A rising market does not in itself justify a return to "good times." I has, however, very quickly fueled a mini-bubble for specific sectors, namely the resource sector. Teck Corporation did not improve fundamentally overnight. It is still in heavy debt due to expensive acquisitions. Its survival depends on rising commodity prices. The same can be said for the energy sector.

In effect, it is possible that a mini-bubble may emerge in oil/energy. Excess money in the system needs to flow somewhere. This is assuming that money is indeed in excess in our economic system. If the banking sector is not recovering, then money will be "stuck" in the same (subprime, etc.) debt that is a drag in the economy.

This is the tug-of-war that must be closely monitored.
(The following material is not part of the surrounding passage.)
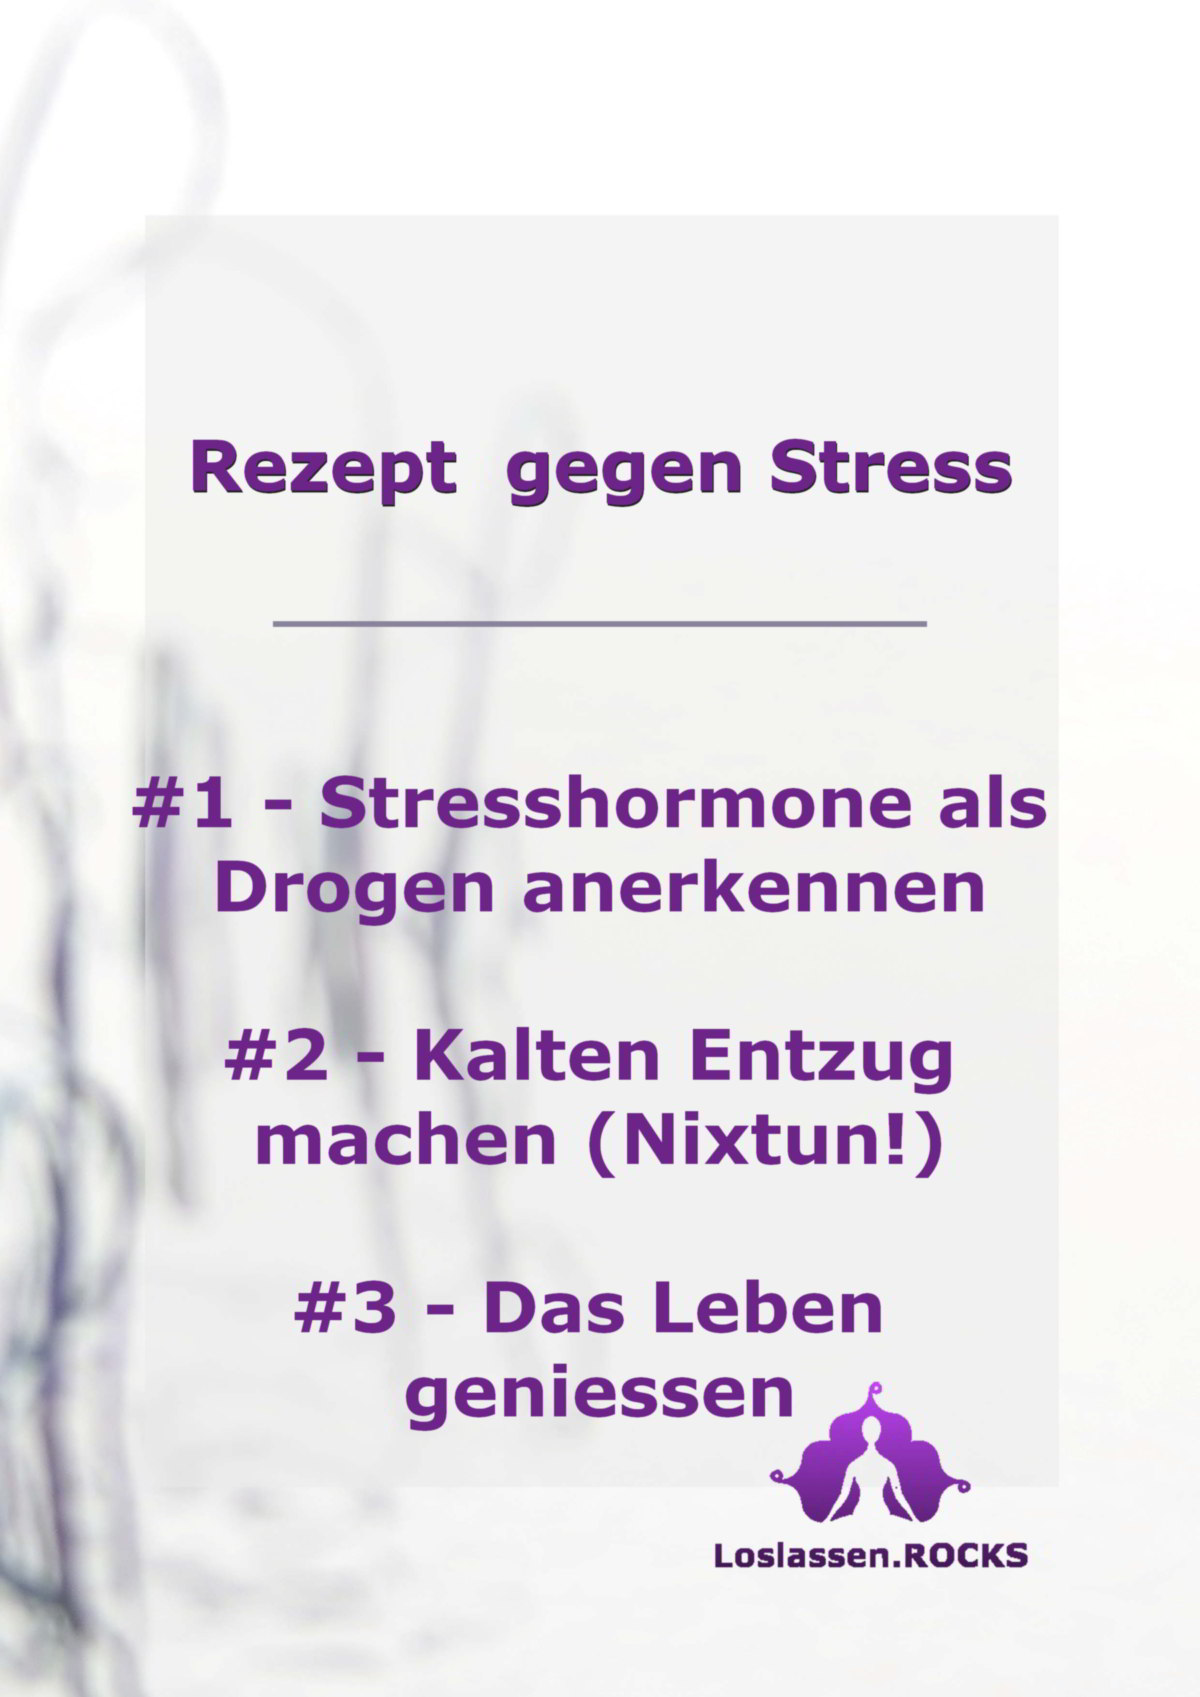 Rezept gegen Stress #1 - Stresshormone als Drogen anerkennen #2 - Kalten Entzug machen (Nixtun!) #3 - Das Leben geniessen

A user on brought this clip to my attention:

Investors need to keep adapting to the changing winds. This is not to be interpreted as a promotion of day trading, swing trading, or momentum trading. It simply means that if the economy is truly improving, then adjust a portfolio accordingly, in small steps.

Monday, May 04, 2009

Good News?

  • NAR’s Pending Home Sale Index rose 1.1% from March 2008. The less significant Pending Home Sales (monthly gains) were also positive, rising 3.2% from February to March 2009
  • Most of the gains came in the regions with the highest foreclosures: The South and West gained, while the NorthEast and Midwest fell
Show me 3 months of stronger or improving home sales. Show me a rising monthly improvement in this sector and I will be convinced. Still, DOW @ ~8400 and S&P > (over) 875 are significant levels. Needless to say, SRS has traded significantly downward this past month.

Unemployment figures will also be released this Friday. It is best to place great emphasis on these figures.